>>>

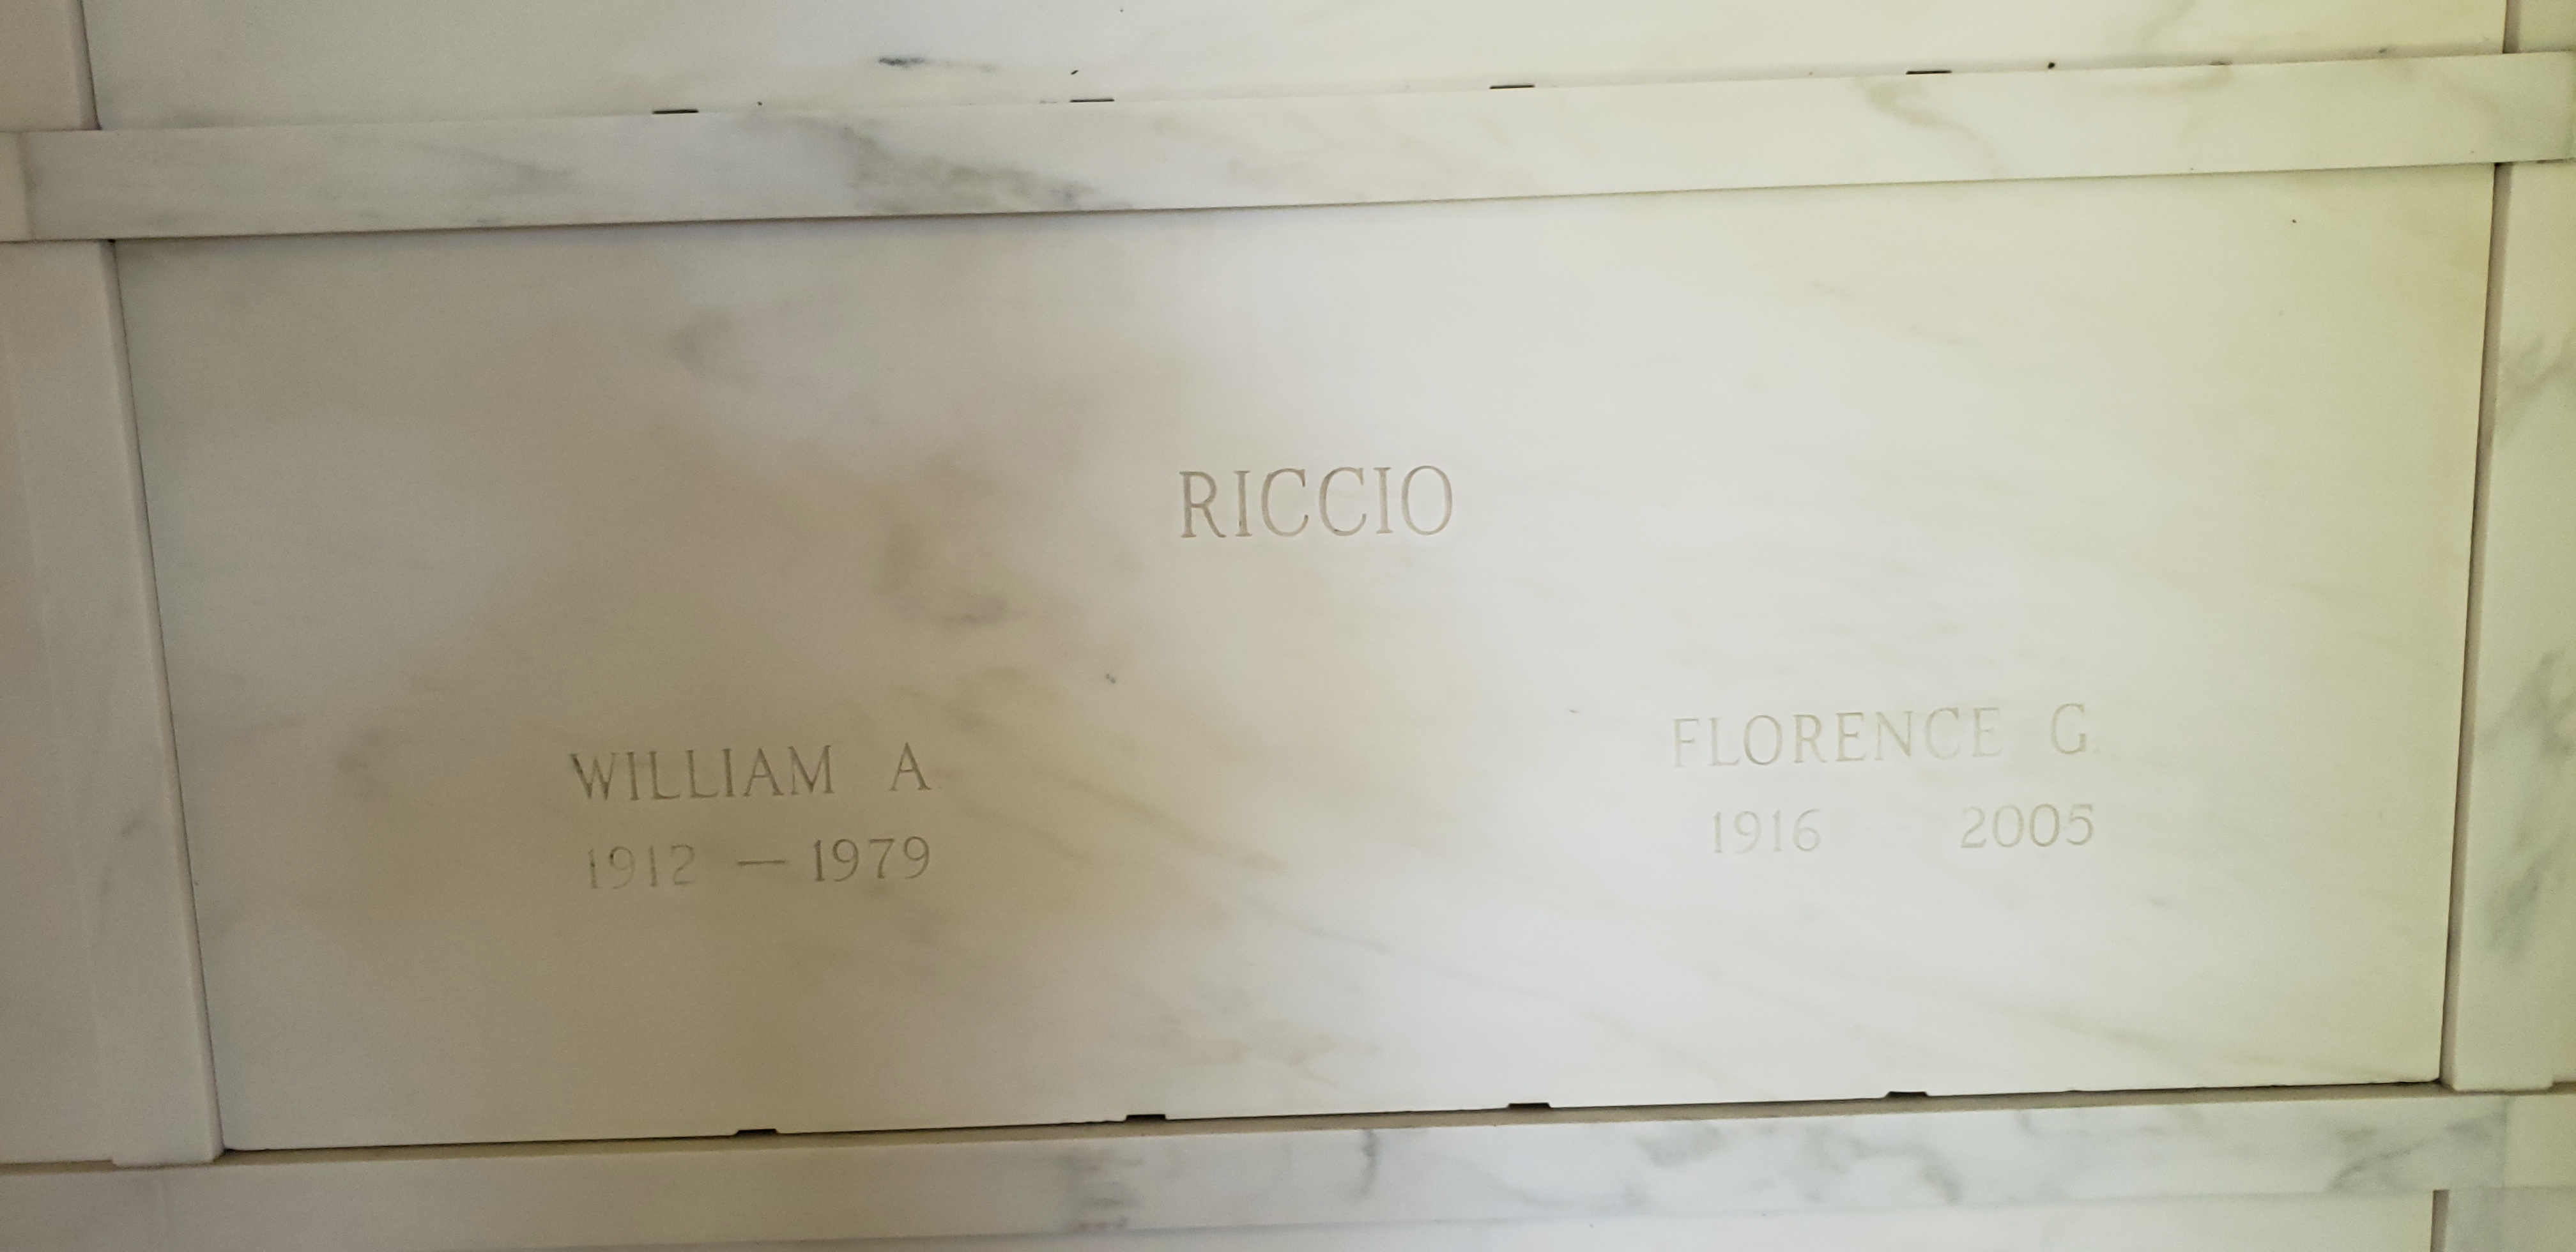 Florence G Riccio
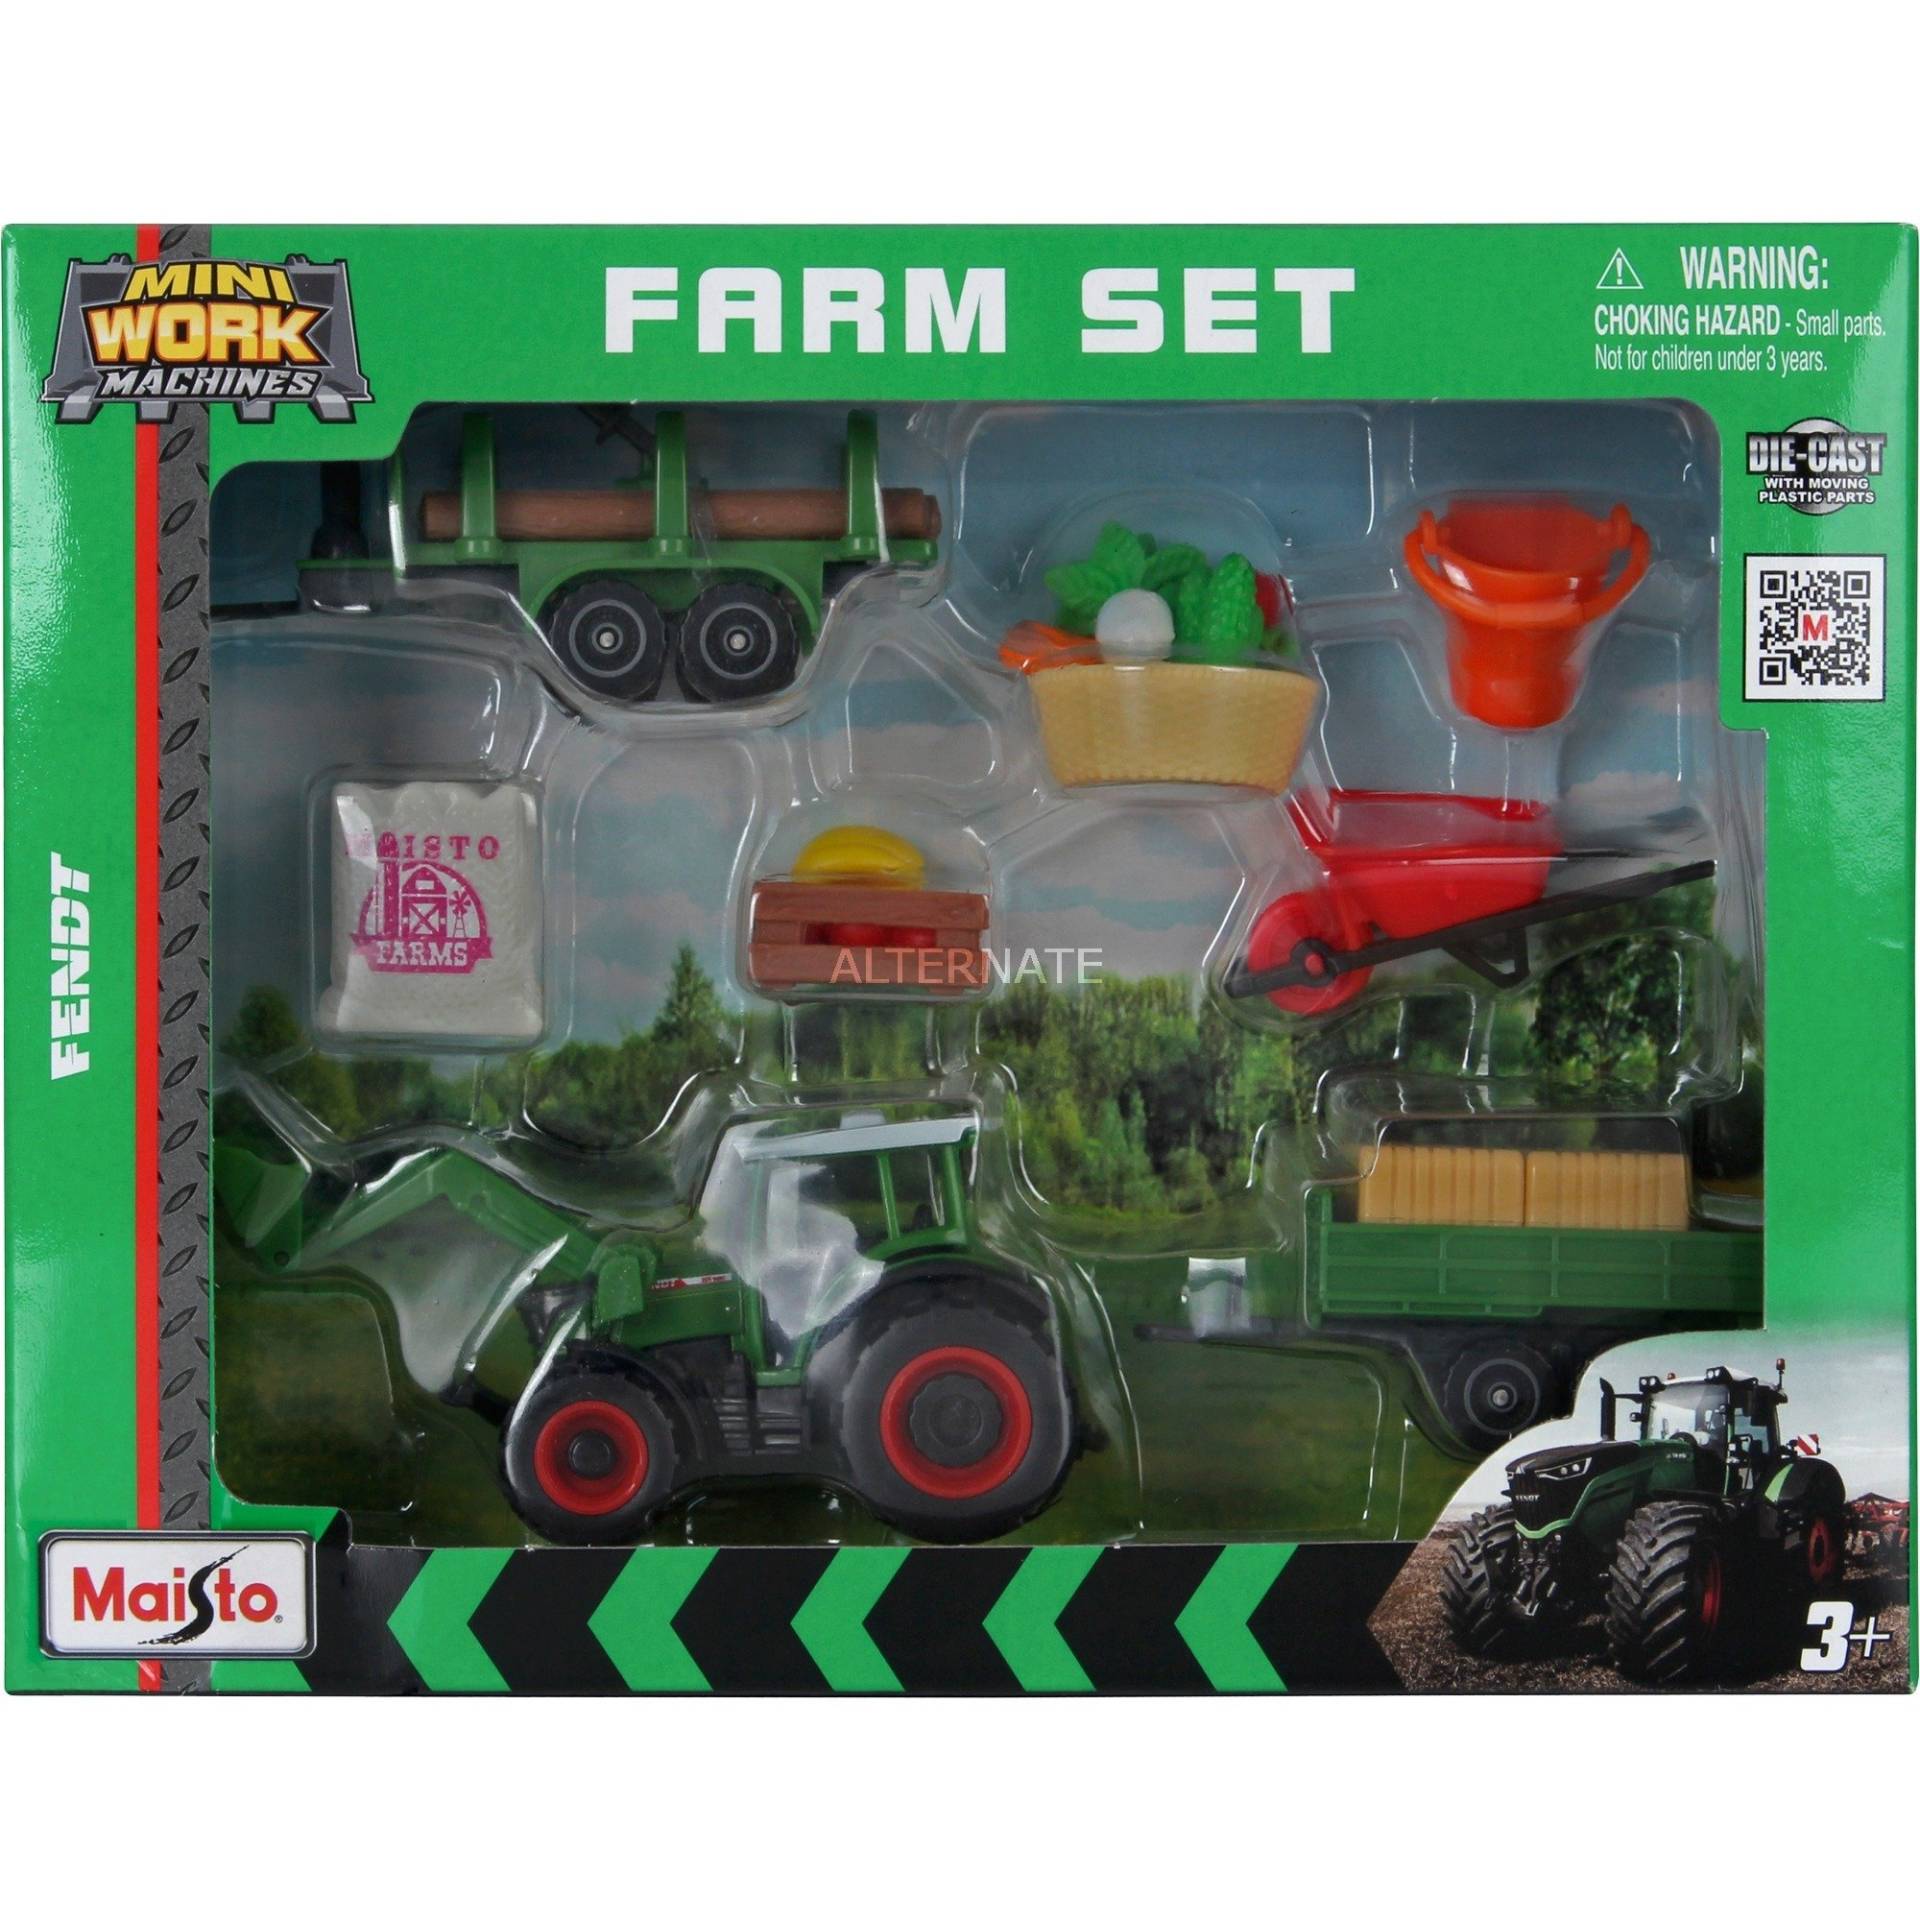 Mini Work Machines Fendt Farm Play Set , Modellfahrzeug von Maisto
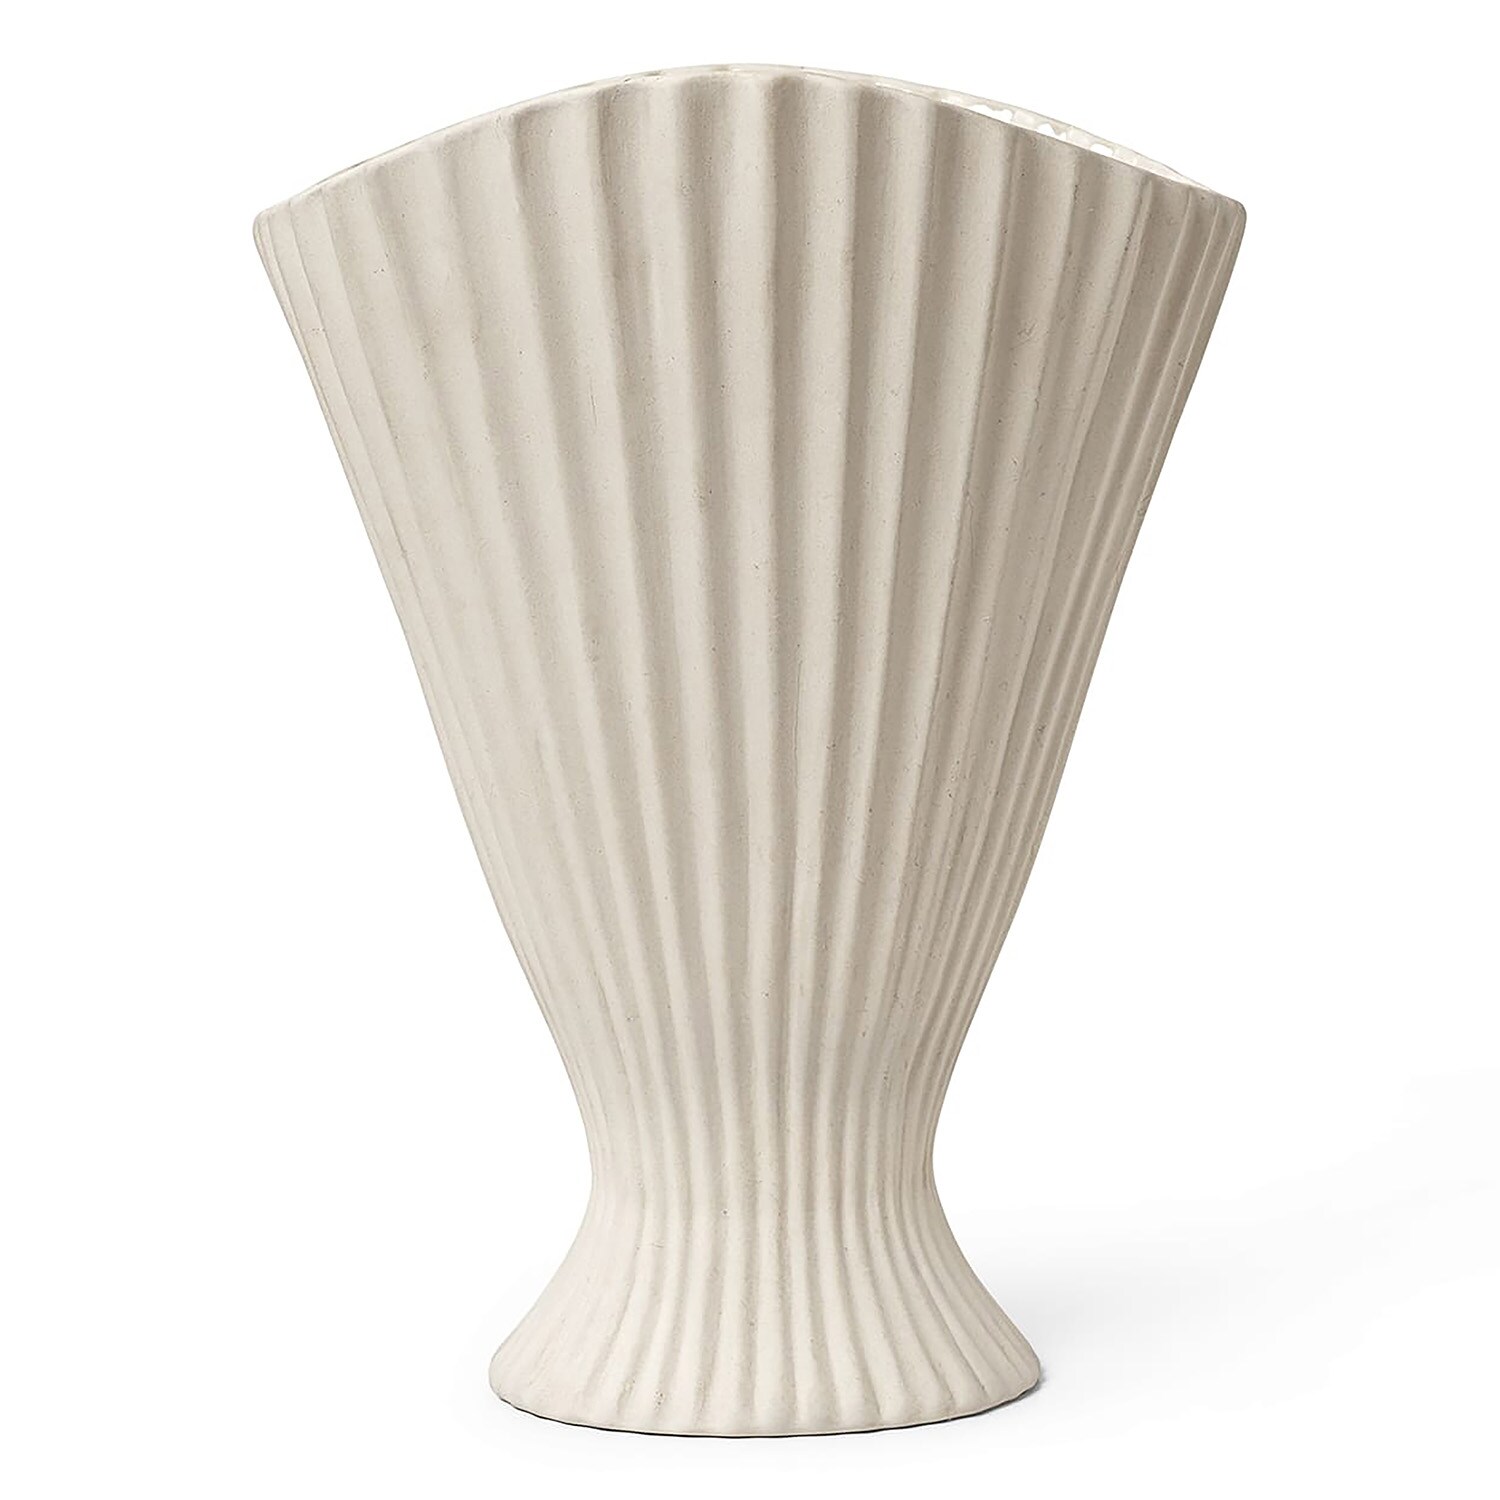 Uredelighed dukke demonstration Fountain Vase, Offwhite - Ferm Living @ RoyalDesign.dk

<<<

▶ _Problem details_
Leaving aside the pictures, copy the listing above exactly.

▶ _Finished exercise_
 Florence G Riccio
 Mini Work Machines Fendt Farm Play Set , Modellfahrzeug von Maisto
 Uredelighed dukke demonstration Fountain Vase, Offwhite - Ferm Living @ RoyalDesign.dk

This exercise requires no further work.